How is this possible? Classical computing stores information in units called bits, which exist as either 0s or 1s. Quantum computing uses units called qubits, which can exist in multiple states simultaneously. The superposition of states is what allows for ultra-speedy, futuristic computing. However, as qubits are physically realized as subatomic particles, this state is very fragile to create and maintain, making qubits more prone to error, or decoherence, than bits.
Theoretical physicists now speculate that qubits are also what make up space-time, or the fabric of the universe. And recent research has indicated that quantum error correction explains why space-time is so robust, despite its fragile building blocks.
In fact, qubits are so sensitive that the very act of measuring them can cause change. Presently, quantum error correction involves first carefully observing the qubits and recording findings as classical information. Then, a classical computer calculates what is wrong, and scientists transfer the error correction information to the quantum system.
“In this project, we are investigating methods where we don’t leave the quantum world, so all of the operations will also be quantum,” Vasic said. “We want to explore whether decoding can be done by processing quantum information.”
Passing Messages to Mitigate Noise
Today’s computers are made up of billions of basic building blocks called logic gates. These gates apply different operations to binary information being processed. For example, one of the simplest kinds of gates is a NOT gate, which transforms bits into their opposites by intaking 0s and outputting 1s and vice versa. However, sometimes signal interference and noise cause gates to make mistakes, which leads to incorrect results. Quantum gates perform more versatile and exotic operations than their classical relatives do, but are noisier and more prone to error.
Error correcting codes entangle qubits in a very specific way so that qubits stabilize each other. Vasic’s decoders allow qubits to pass information about one another back and forth. Similar message passing algorithms are used in artificial intelligence. None of the individual bits have a complete knowledge of value of other bits, but together – through message passing – they collectively learn if there are errors and exactly which bits they are located in. This new project focuses on developing a quantum version of such artificial intelligence algorithms.

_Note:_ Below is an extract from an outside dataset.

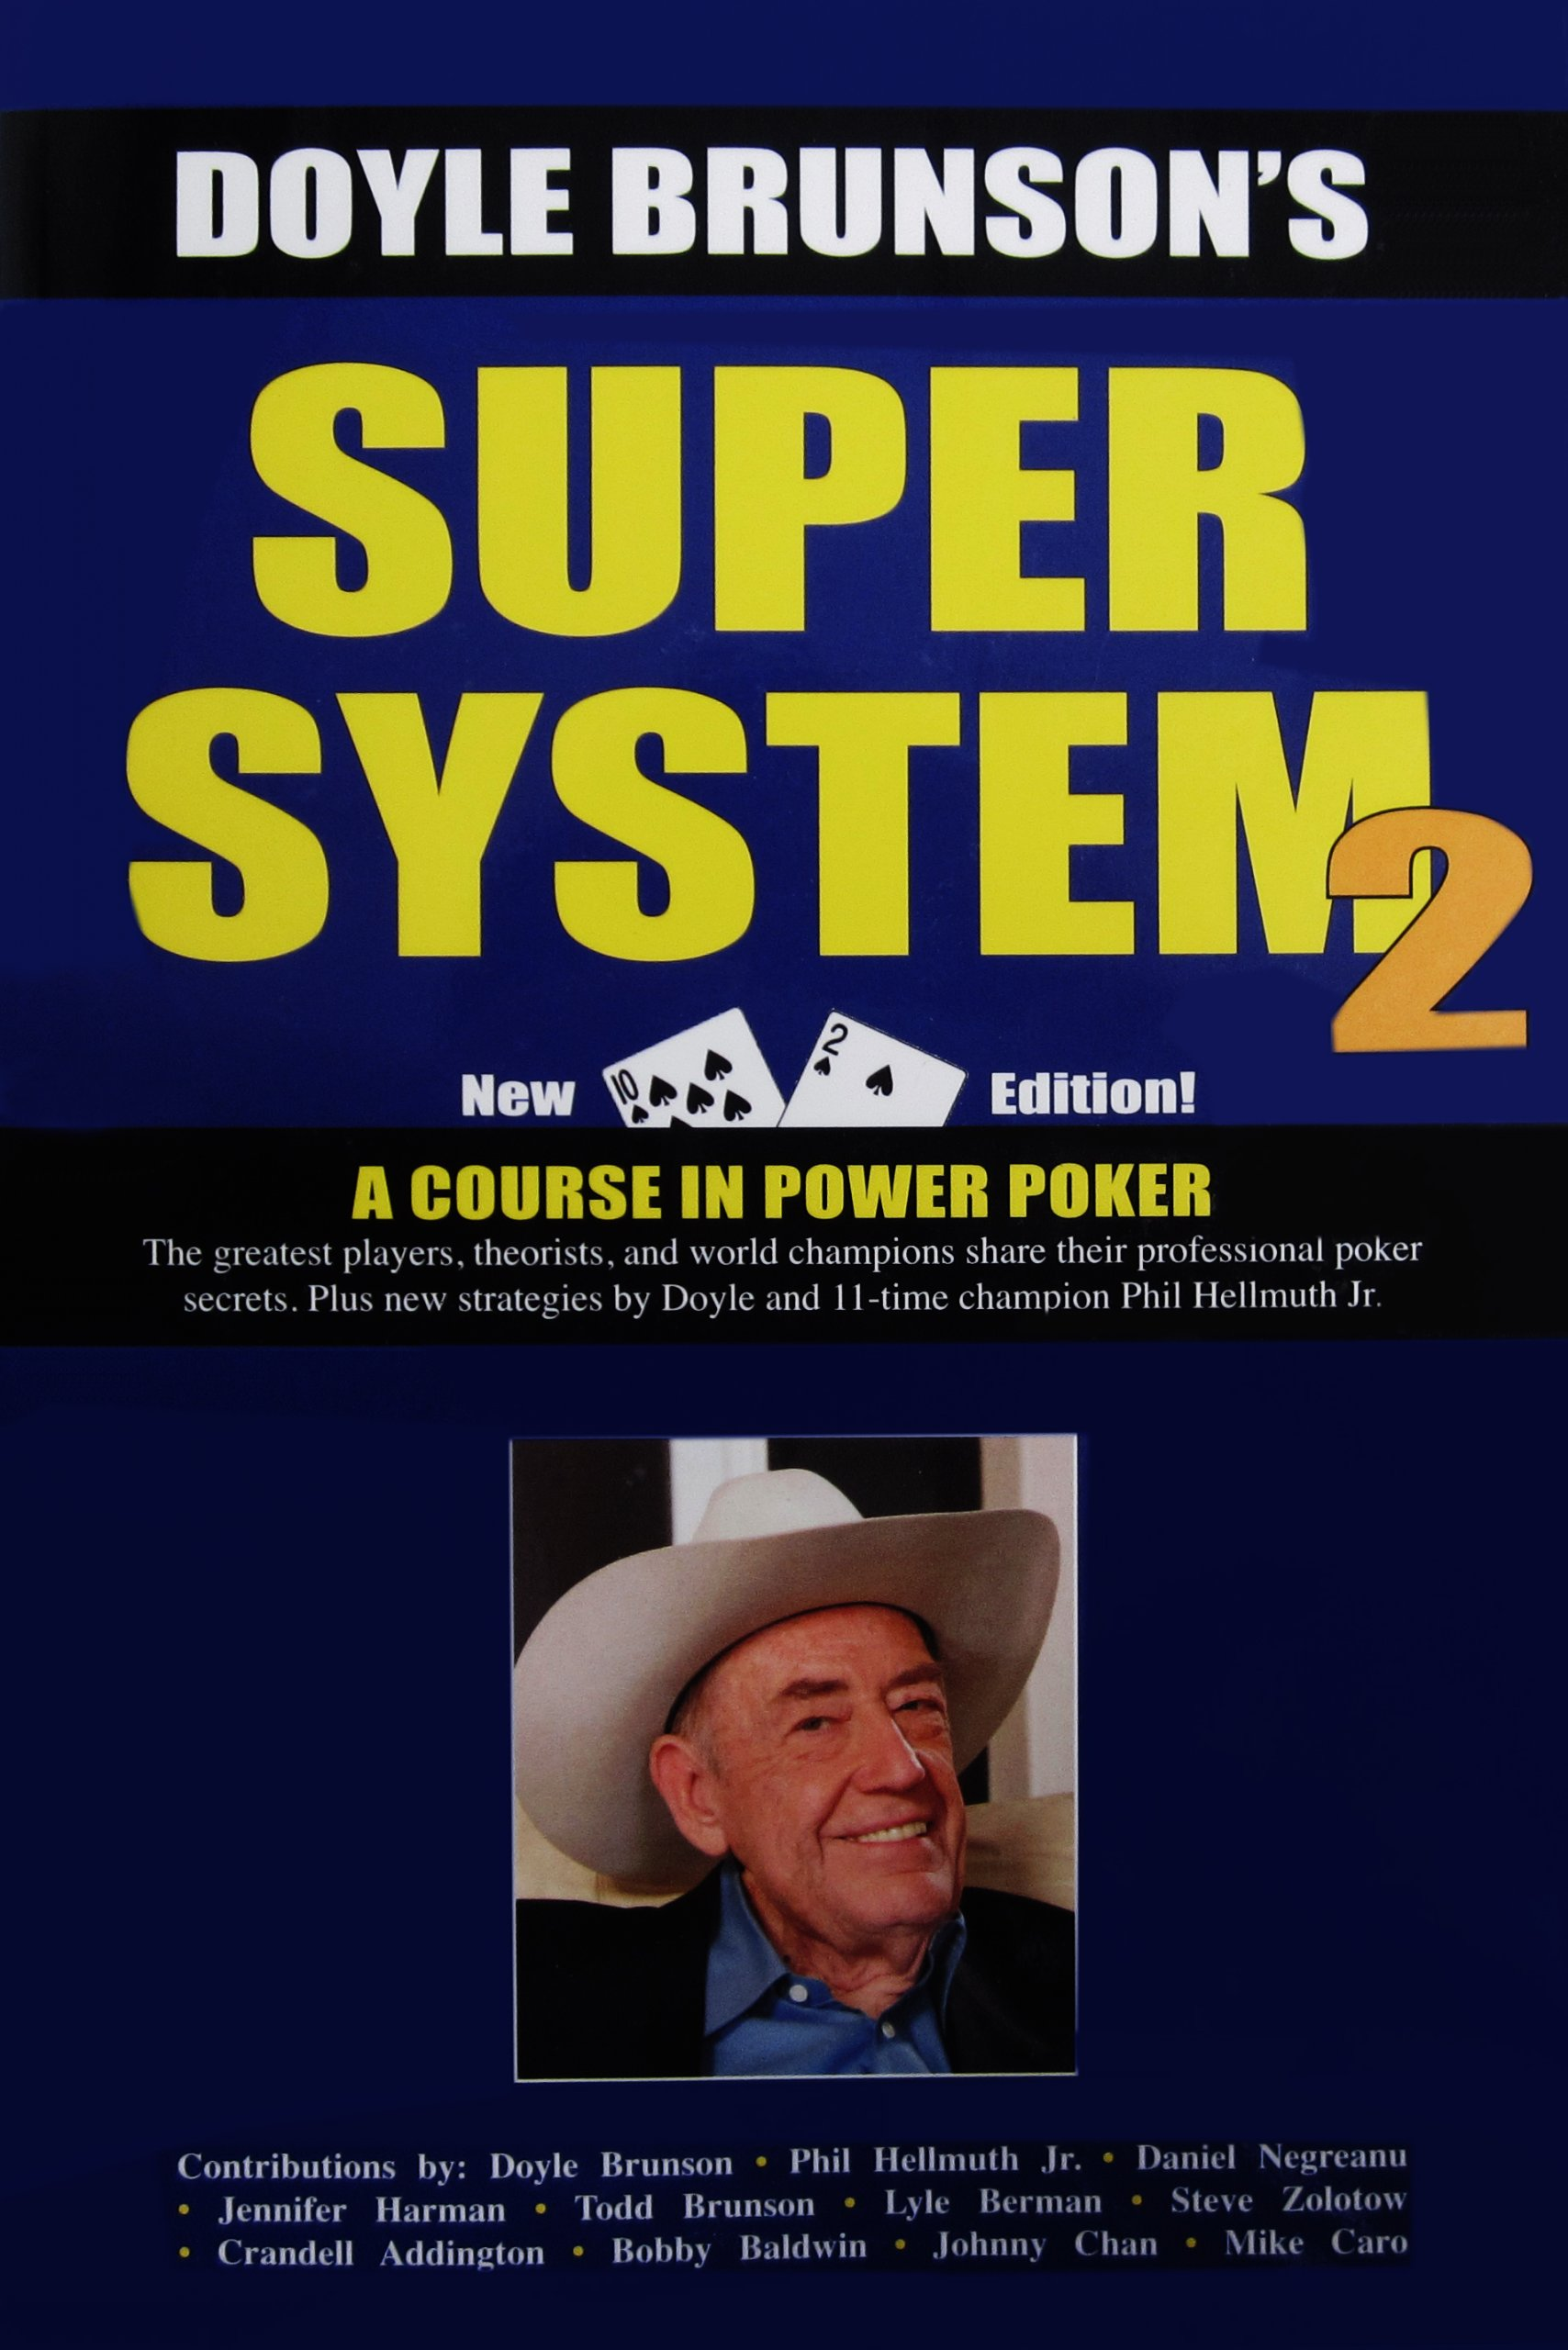 Download Super System 2 Winning Strategies for Limit Hold'em Cash Games and Tournament Tactics ebook

“The biggest advantage of LDPC codes is that they support these kinds of message-passing algorithms, which are fault tolerant,” Vasic said. “In quantum systems, we have to have fault tolerance, because, due to the higher level of noise, quantum gates are orders of magnitude noisier and more unreliable than classical logic gates.”
Vasic and several other engineering faculty members are also part of the newly created Center for Quantum Networks, a five-year, $26 million NSF Engineering Research Center led by the University of Arizona. The center, directed by Guha, aims to lay the foundations for the quantum internet, and error correction represents a critical piece of the venture.
“This is a missing piece to realize quantum computers and networks,” Vasic said. “These quantum LDPC codes are the next generation of codes that will be used, but we have to develop algorithms to decode efficiently and fault-tolerantly.”
“With the recent hiring of several new faculty members specializing in quantum engineering, the college and university are positioning themselves at the forefront of this field,” said David W. Hahn, Craig M. Berge dean of the College of Engineering. “We are fortunate to have researchers like Dr. Vasic bring their experience and invaluable expertise to the table.”